Elementary Physical Education

781 Words2 Pages

Elementary Physical Education

The effect of physical education on elementary students is noticeable through all types of skill development. From personal experiences, people can conclude that there is more to games and activities than just expending energy to relieve and calm younger children. The main focus of my ideas is mainly directed towards motor skills, relationships and how they contribute to student learning, and setting and achieving goals as well as the five areas to which I set beliefs, theories, and assumptions.

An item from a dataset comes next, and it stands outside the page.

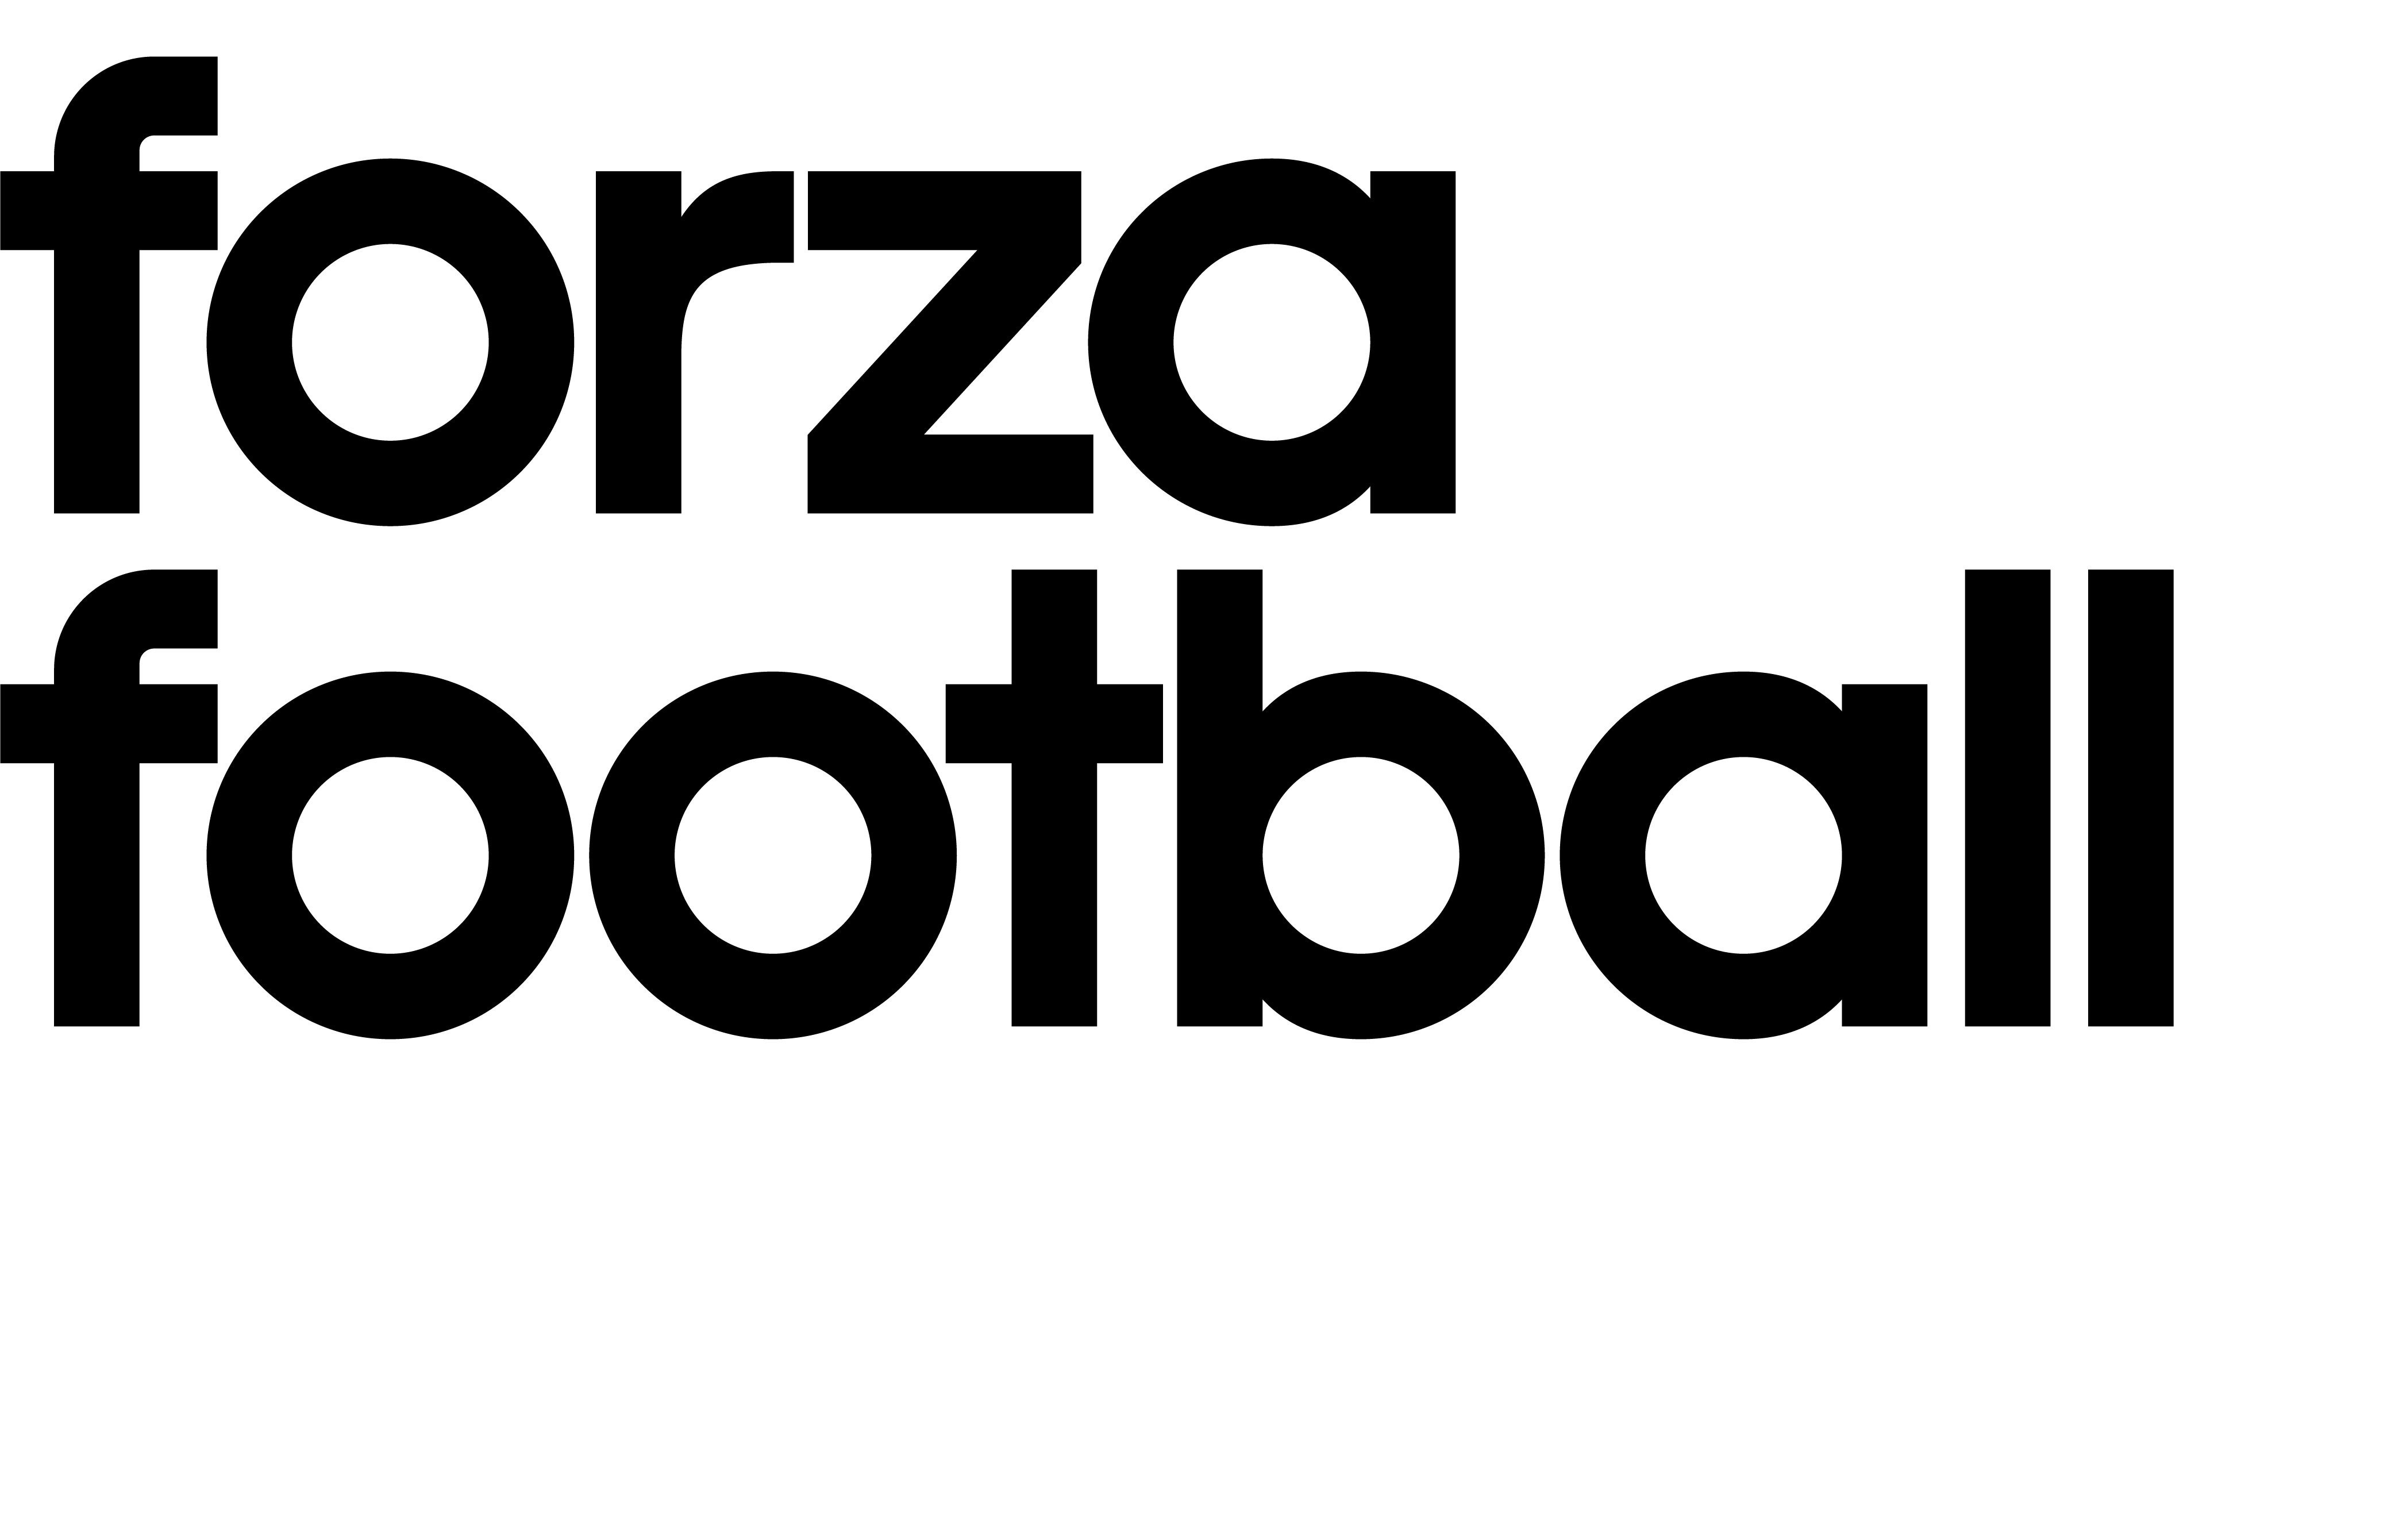 logo-text-1

Children, especially young, need to learn basic motor skills to make their physical life easier when they get older. Sometimes motor skills come to us phylogenetically, such as walking, but often times we have to be taught, and need to learn how to use our body parts. If teachers try to incorporate motor skill enhancing games and exercises into their lesson plan, the students will benefit. Some early mechanics, such as Rudolf Laban's four classifications of movement, might be very helpful towards early, as well as later, control of body parts. Also, basic motor skills are beneficial to classroom work, such as pencil control, hand control, and body control in class exercises. Some skills also depend on the physical environment of the participants, and the opportunity placed before them. And then other times, it just depends on the speed at which the individual is capable of learning. Elementary phys. ed. programs and teachers tend to push gross motor skills onto younger children to enhance basic skills, therefore creating a "prerequisite" for more advanced games and drills. This is what makes later grades more exciting for students at higher levels.

How relationships contribute to learnin...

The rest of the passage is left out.